Obituary: Dick Bruna
Dick Bruna, who died aged 89, wrote and illustrated over two hundred picture books in addition to devising many book covers and posters. The adventures of his most famous character Miffy, a small female rabbit dressed in human clothes, were translated into forty languages with total book sales exceeding 85 million copies.
Bruna started drawing from an early age, designing covers for his school newspaper. Having kept rabbits as a boy, he had a soft spot for these animals that had also provided his family with much needed food during the war. In 1955, he told his oldest son Sierk a series of stories about the white rabbit. Drawing the same rabbit as well, Bruna decided to fuse story and illustration into a picture book called Nijntje. This childish mispronunciation in Dutch of the phrase ‘little rabbit’ was translated in 1970 by Olive Stone into the name Miffy.
Always outlined with a thick black line, staring straight at the reader and accompanied on each opposite page by four lines of text, Miffy did not prove an instant success. Parents found the little books with their abundant use of white space and no sense of perspective too simple. The six different primary colours Bruna limited himself to also seemed over-bright. But infants thought differently. With each mini-adventure conveyed in only twelve pages and covering ordinary events such as visits to grandparents, making a snowman or going to school, here were stories easy to recognise from real life. Miffy’s static presence and narrow range of expressions, limited by a face that consisted only of a diagonal cross for a mouth and two dots for eyes, meant that infants – freed from other distracting detail – quickly came to understand what she was feeling. The books themselves, measuring only 16x16cm, were also easy for young hands to grasp.
Not everyone was enchanted. Dutch librarians declined to recommend his twelve picture versions of Hop o’-My-Thumb and Cinderella on the grounds that these complex, rich stories should never be simplified down to such a basic level of illustration and text. But Miffy herself proved unstoppable, both in books and later as a brand, where she featured on over 10,000 products, although Bruna vetoed suggestions that she should also appear on toy guns and racing cars. Later Miffy stories also partially answered criticisms of previous sentimentality by taking on tougher themes to do with race and disability.
Taking an average of three months over each title, Bruna would produce hundreds of sketches until he was satisfied. Years were also spent finding just the right shades of the reds, blues, greens and yellows that make up the bulk of his effects. Those he finally settled on are now known as Bruna colours. First painting his character in outline with a specially trimmed paintbrush, he would then cut out coloured paper shapes to make up their clothes and supply backgrounds. There was then the long process of trial and error until he was convinced that he had got every expression right for its part in the story. If Miffy is sad, she may be allowed one tear, but in general the skill in getting over her emotions using the minimum of detail is one that Bruna managed to perfection.

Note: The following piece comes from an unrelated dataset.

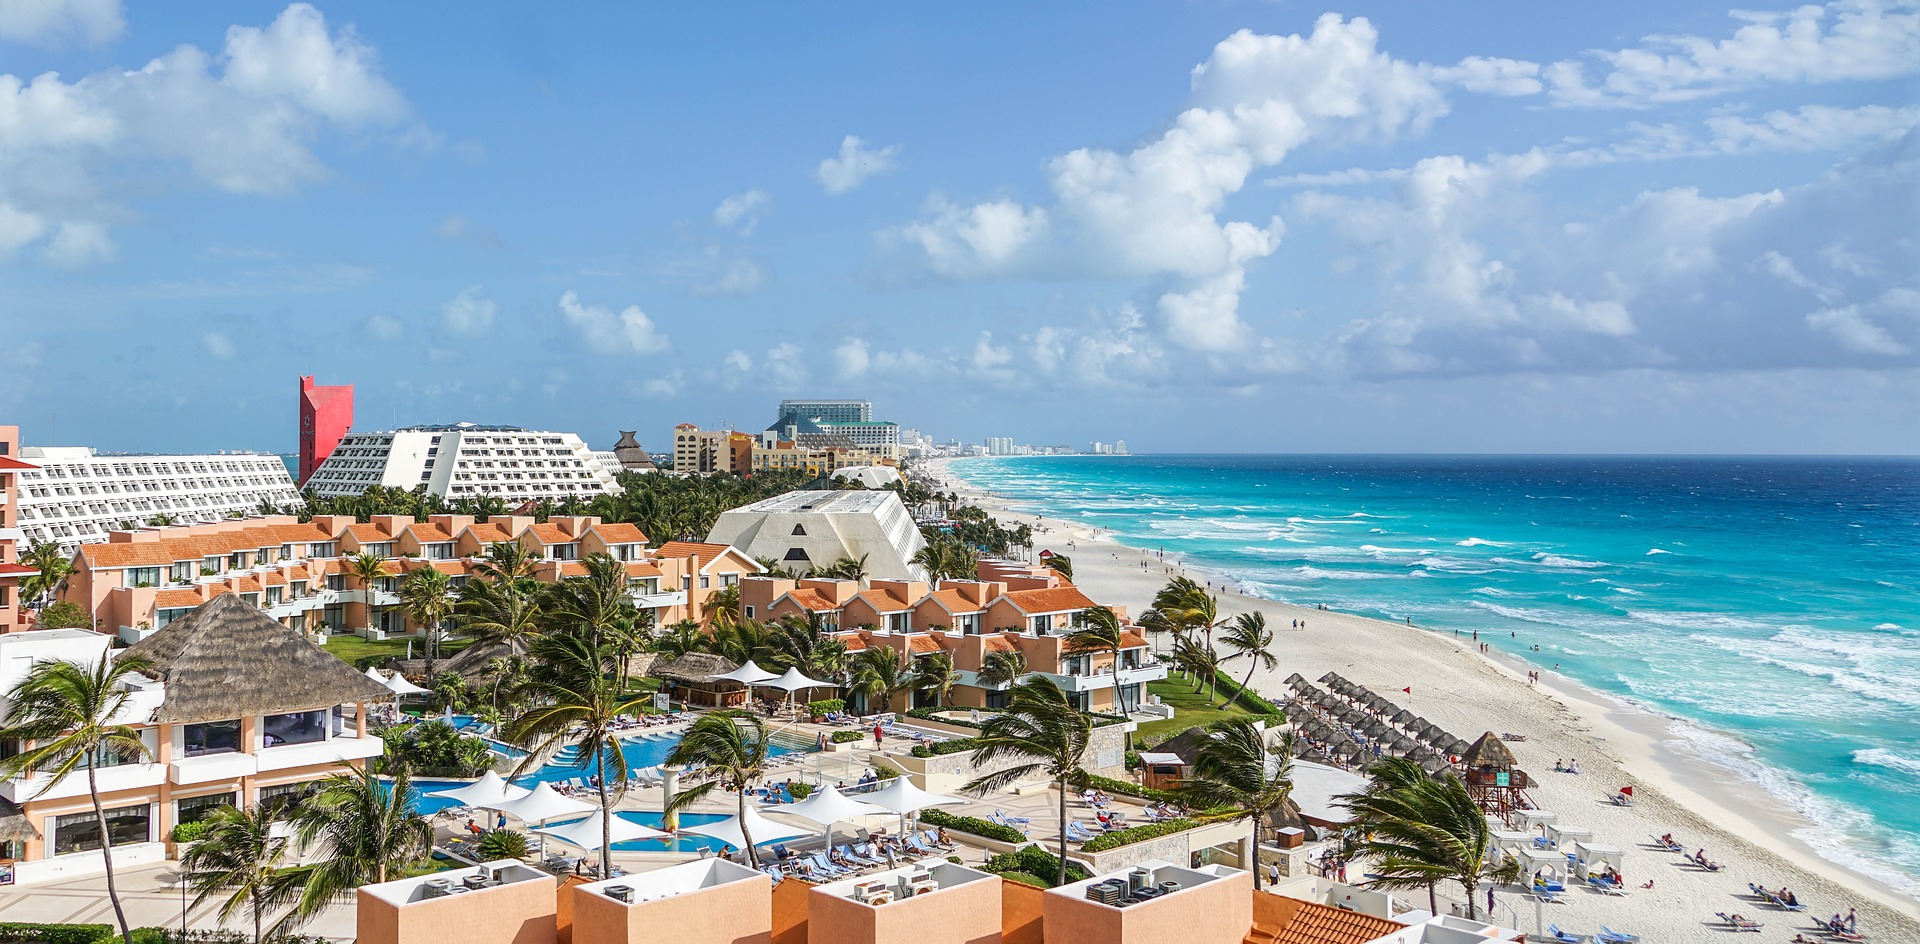 Best beach resorts in Cancun Mexico
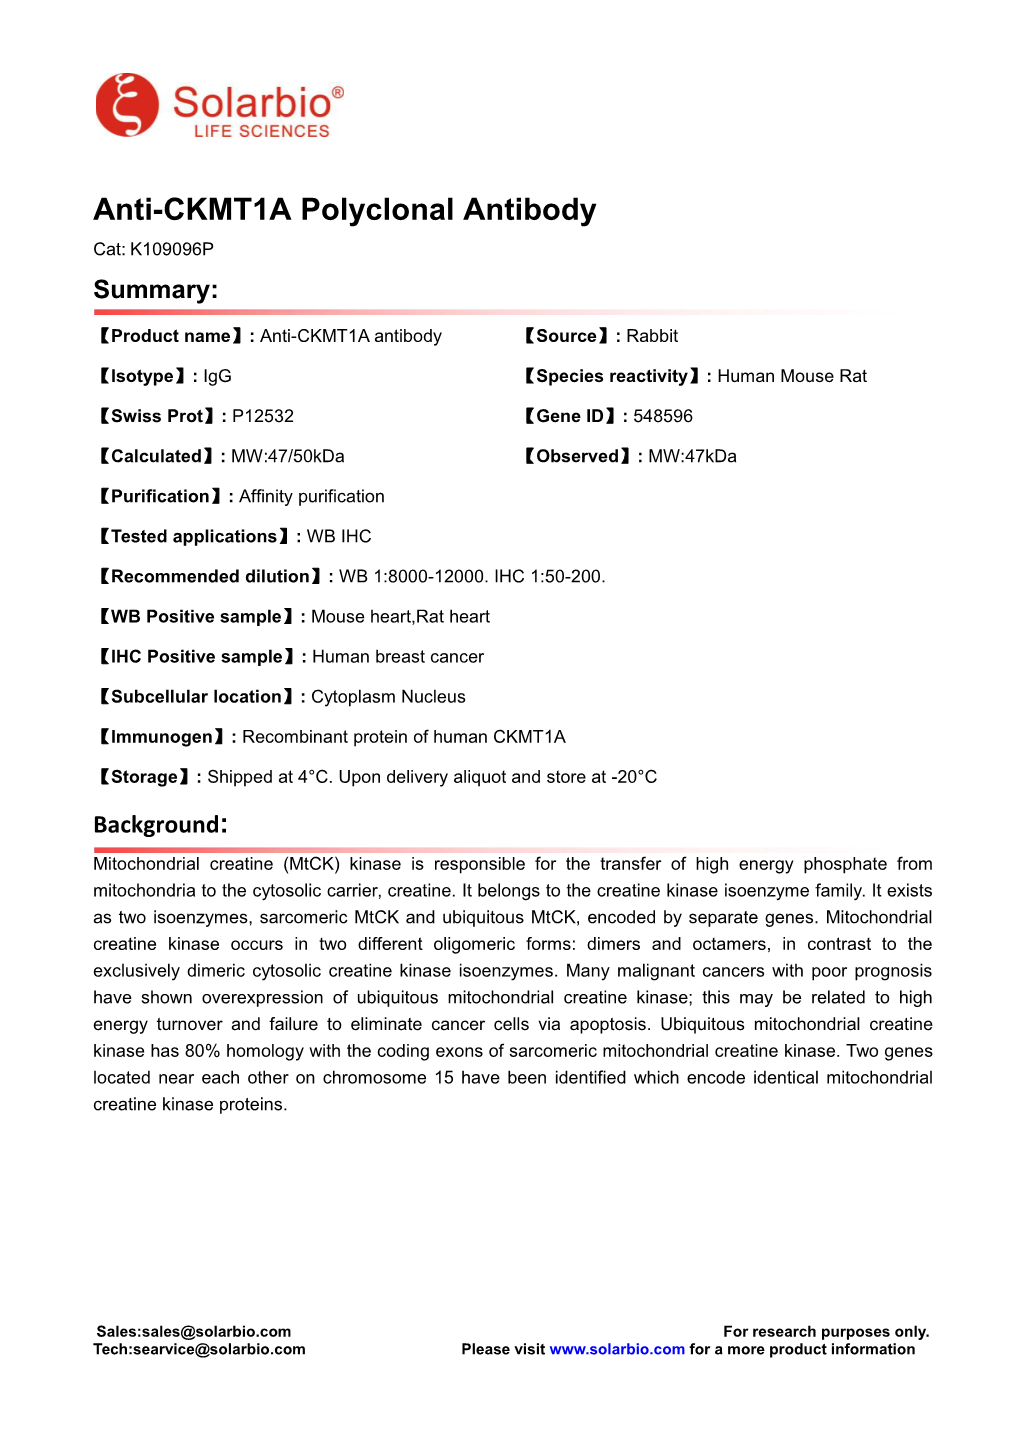 Anti-CKMT1A Polyclonal Antibody Cat: K109096P Summary

Knighted by Queen Beatrix in 1993, he lived to see a statue to Miffy erected in Utrecht. This was joined in 2006 by the Dick Bruna Huis, a permanent exhibition of the artist’s best work housed opposite the town’s Centraal Museum. Cycling seven days a week from the house he had lived in for forty years to his studio in Utrecht every morning until he was over eighty, he remained a universally popular local figure. Modest, unfailingly hospitable to his fans, he combined being one of Holland’s principal exports with an unassuming charm of manner that stayed with him to the last.
Nicholas Tucker is honorary senior lecturer in Cultural and Community Studies at Sussex University.